Nicholas Winding Refn. He’s probably the most polarizing director at present, and I believe he’s a truly exceptional contemporary artist. I heard people blaming ‘The Neon Demon’, probably the most brutal assessment of the abyssal aspects of the fashion industry to be an exercise in “style over substance”. Many people fail to understand Refn’s filmography which relies on obscure symbolism and metaphors, and his visual style adapts to the tone of the context. In this case the film’s glitzy and shallow nature was a result of the destructive world Refn takes the audience into. His world is of extremes, with the presence of Jodorowsky, Argento, Lynch, Kubrick, Pasolini and Refn’s own lovely detestable mind in every frame.

10. Maytime In Mayfair (1949)

‘Maytime in Mayfair’ is one of the sweetest movies out there, and probably too sweet for some people who want negative vibes from a movie that focuses on fashion rivalry. The musical comedy featured Michael Wilding and Anna Neagle, the most eccentric duo in British cinema from that period. Along with ‘Roberta’, this film set the standard for the overused rom-com plot : two people who dislike each other, end up falling in love due to silly circumstances. The film has witty and charming characters against the backdrop of a meaningless and competitive fashion oriented business. One of the underrated fashion films. 

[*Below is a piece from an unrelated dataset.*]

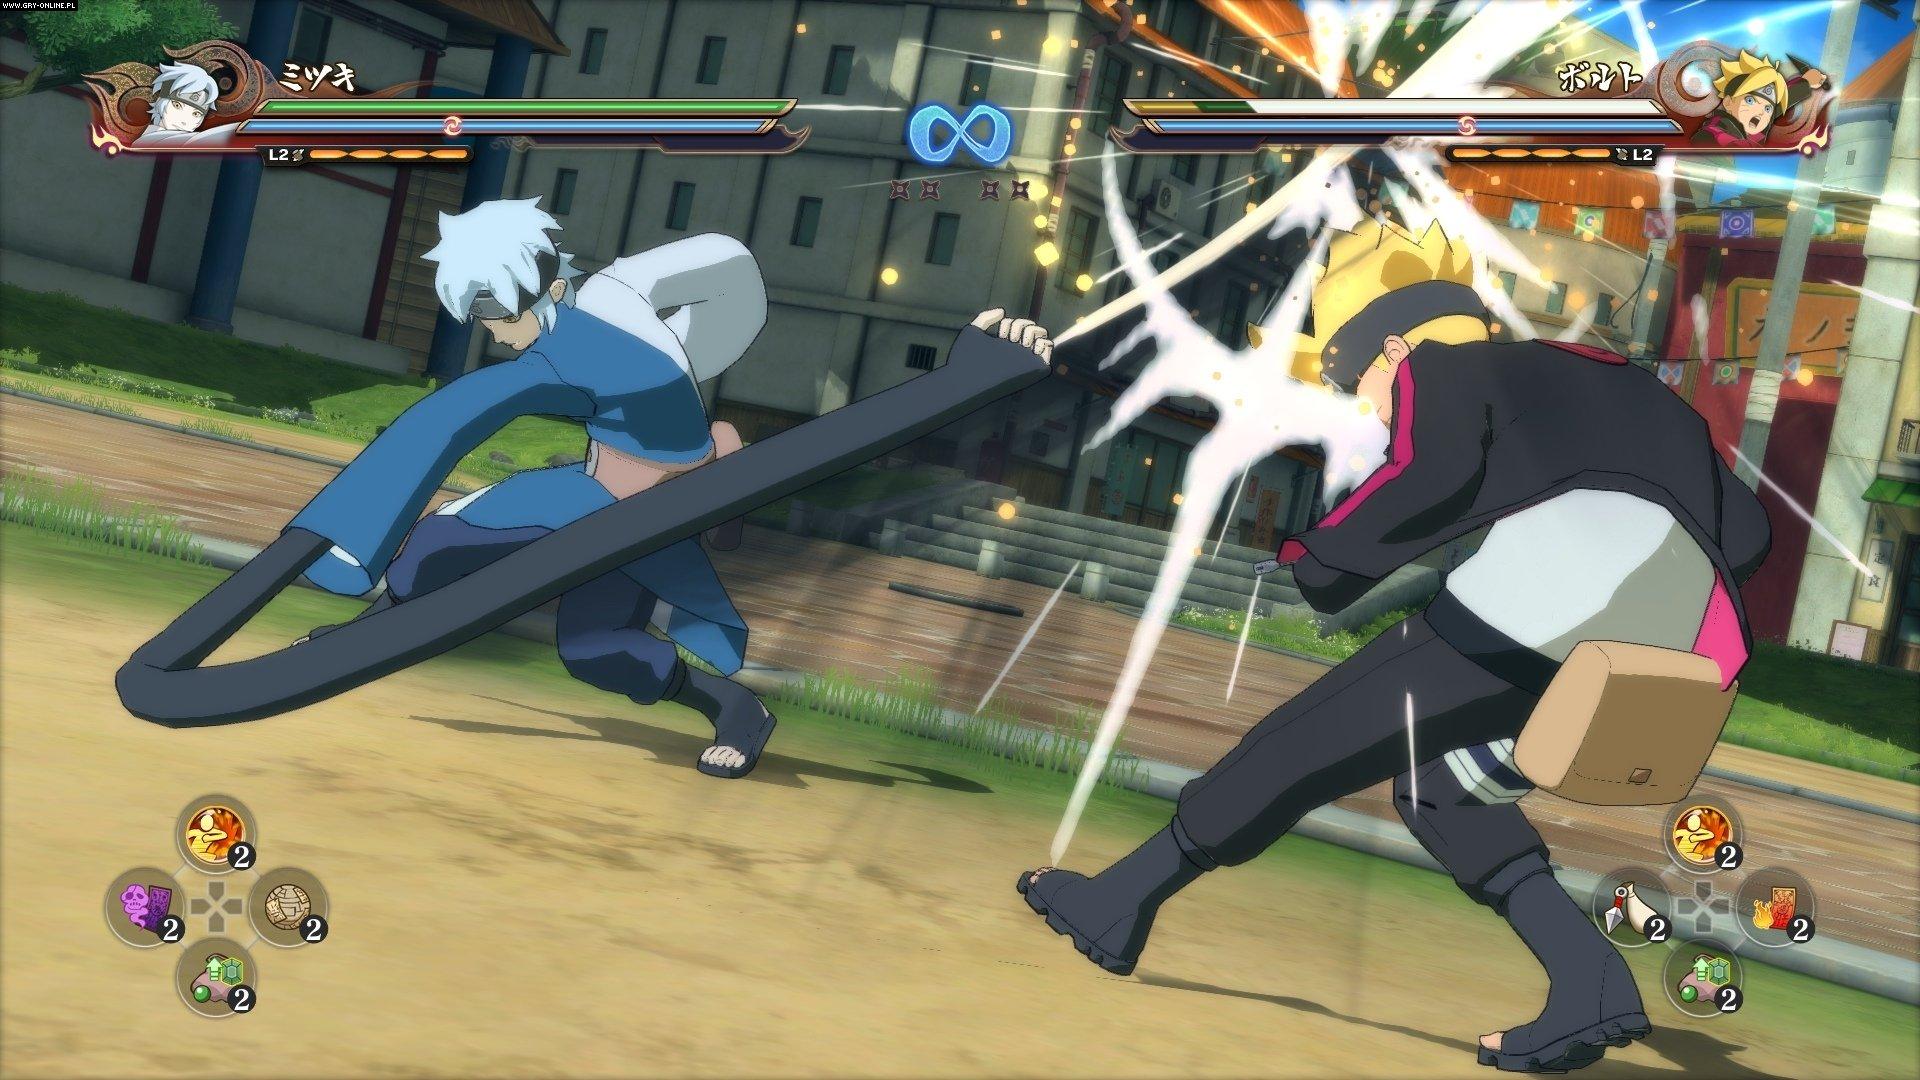 Naruto Shippuden: Ultimate Ninja Storm 4 - Road to Boruto PC, XONE, PS4 Games Image 29/29, Cyberconnect2, Bandai Namco Entertainment

9. Paris Is Burning (1990)

‘Paris is Burning’ is one of the most illuminating films ever made. Jennie Livingston’s documentary on the ball culture that was predominant in New York during the 80’s. It’s an invaluable exploration of time, as it documents the heights the counter-culture movement reached in the U.S, as well as its steady decline. If Manhattan basked in its white collar culture with yuppies dancing to the smell of champagne and Ralph Lauren, then Harlem was drugged with the passion of deconstructing the concept of social division. African-Americans, LGBT communities and Latinos followed their own version of what they considered was ‘fashionable’, indulging in a procedure adopted from the “higher classes” but revising it according to their subversive culture.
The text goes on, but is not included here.